Did “many nations” attack Tyre, or just Nebuchadnezzar and Alexander?

  • About this question

    Two different kinds of soldiers with swords and shields stand.

    We know that Nebuchadnezzar's forces attacked Tyre, as did those behind Alexander the Great's siege on Tyre. However, assuming that Tyre was destroyed by Alexander the Great, wouldn't the conjunction of these two wars constitute just two nations that had “come against” Tyre, rather than many nations” as prophesied in Ezekiel 26? (We can presume that “two” is not “many.”) Is it really true then that many nations attacked the city in order to bring about her destruction?

“Yes, after all…
  • Alexanders forces were volunteers

    In addition to Alexander's Macedonians, forces were volunteered from multiple various nations in the siege of Tyre.

    Arrian of Nicomedia (ancient historian): “[Support came from] Aradus… Byblus… Rhodes… Sidonian triremes [from Sidon],… From Soli and Mallus… from Lycia… Not long after, too, the kings of Cyprus put into Sidon with about one hundred and twenty ships, since they had heard of the defeat of Darius at Issus, and were terrified.[The Anabasis of Alexander 19 (trans. by Chinnock, 2010)]

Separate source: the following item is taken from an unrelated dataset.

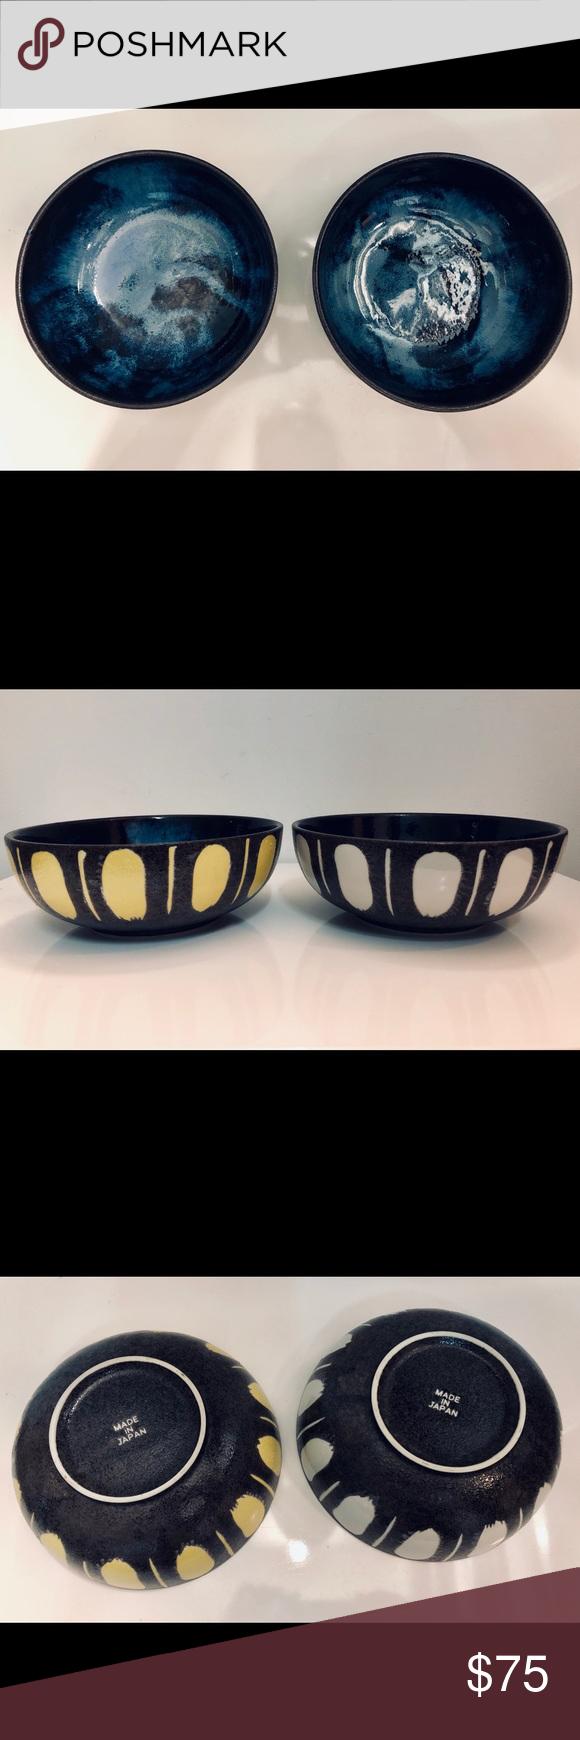 Japanese Mcm Ceramic Bowls Pair Euc Wabi Sabi Ceramic Bowls Ceramics Wabi Sabi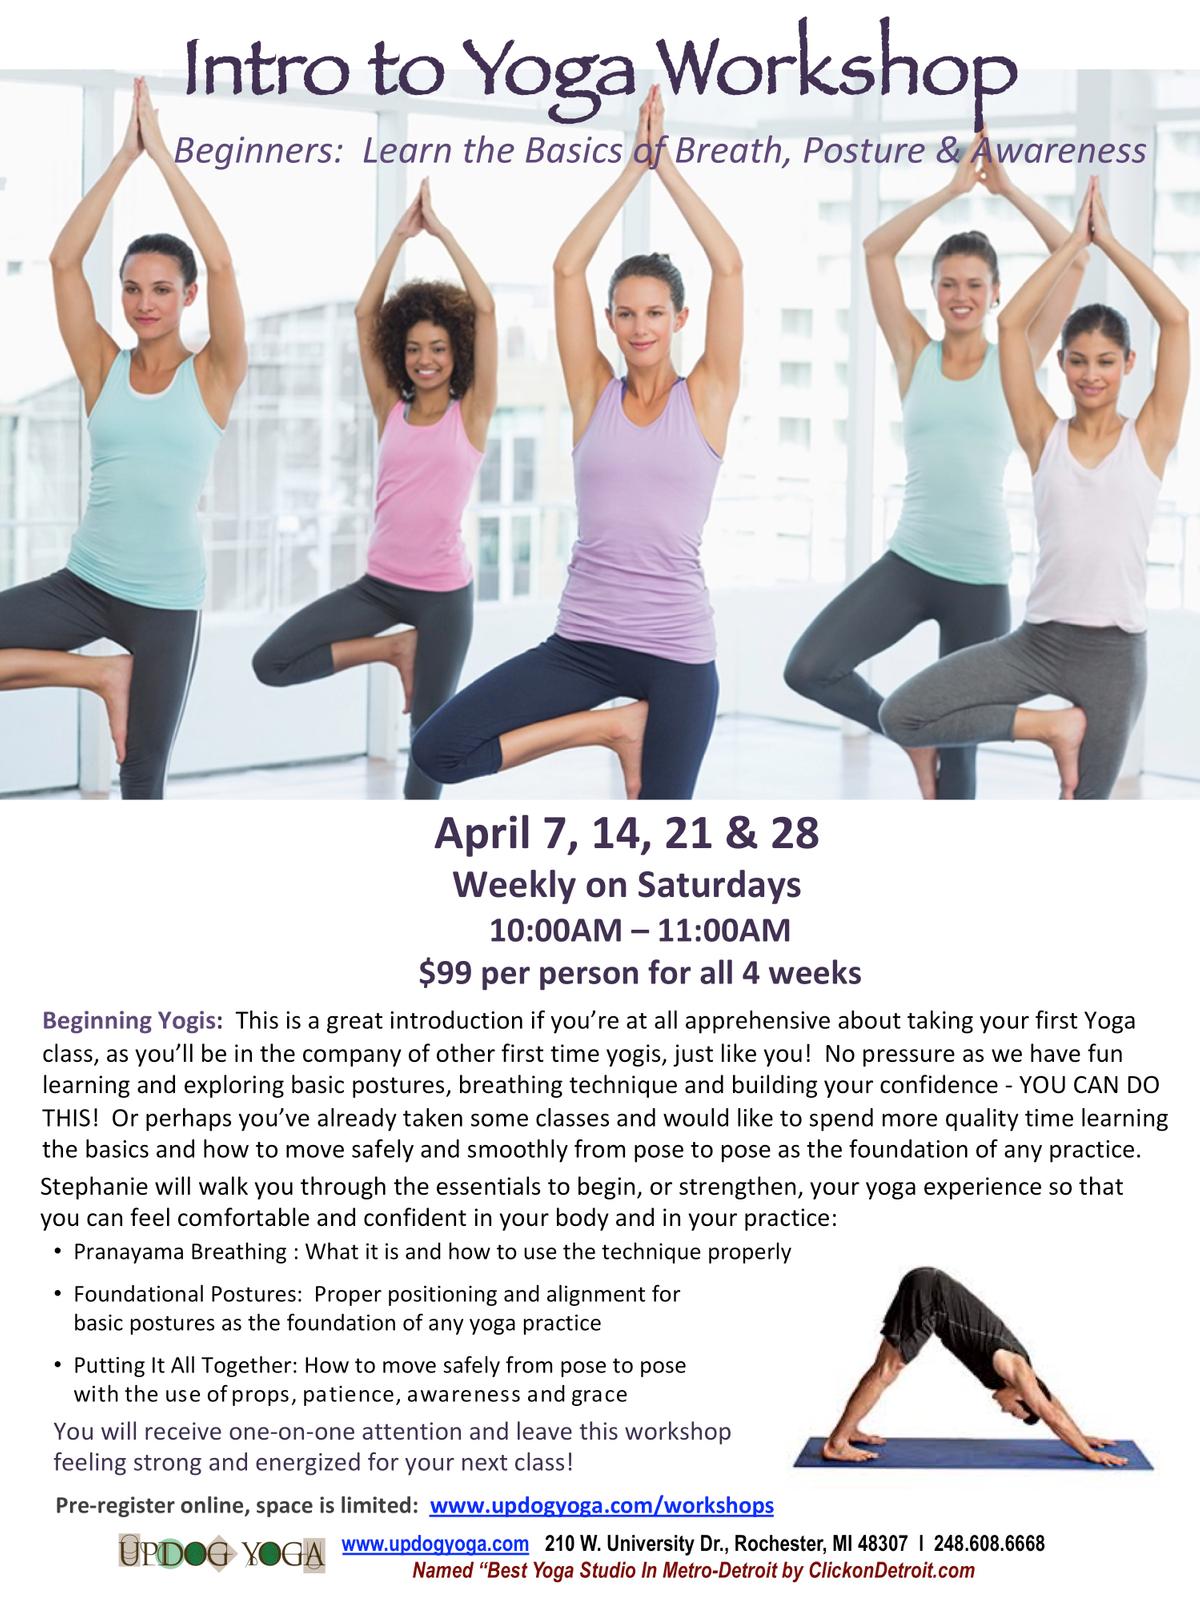 Intro to Yoga_April Workshop_UpDog.jpg

    Insofar as the forces volunteered on their own, we can properly say they were acting as independent nations. The number of nations involved in Alexander's attack, therefore, is more than one. It was several.

  • Tyre saw them as separate nations

    Tyre naturally saw Lycia, Sidon, Cyprus, etc. as a multitude of nations, attacking her from different angles.

    • Ancient historians saw it this way. (For example: Arrian of Nicomedia (ancient historian): “The Cyprians also sailed into the other harbour looking towards Sidon, …and made a speedy capture of the city on that side.[The Anabasis of Alexander 18])
    • Alexander likely saw it this way, as did the nations themselves. Specifically, Alexander saw some of these submissive city-states as simply making a gesture to get on his good side. He knew each, given the opportunity, would turn on him just as quickly as they currently were turning on the Persian king before him. A nation's choosing to submit to the latest overlord's wishes need not involve their being subsumed into the overlord's nation (in this case, Macedon).

    So even if you or someone else thinks the forces involved in Alexander's attack were technically not independent, the prophecy was a communication to Tyre and Tyre would have very much understood itself as being attacked by several neighboring nations.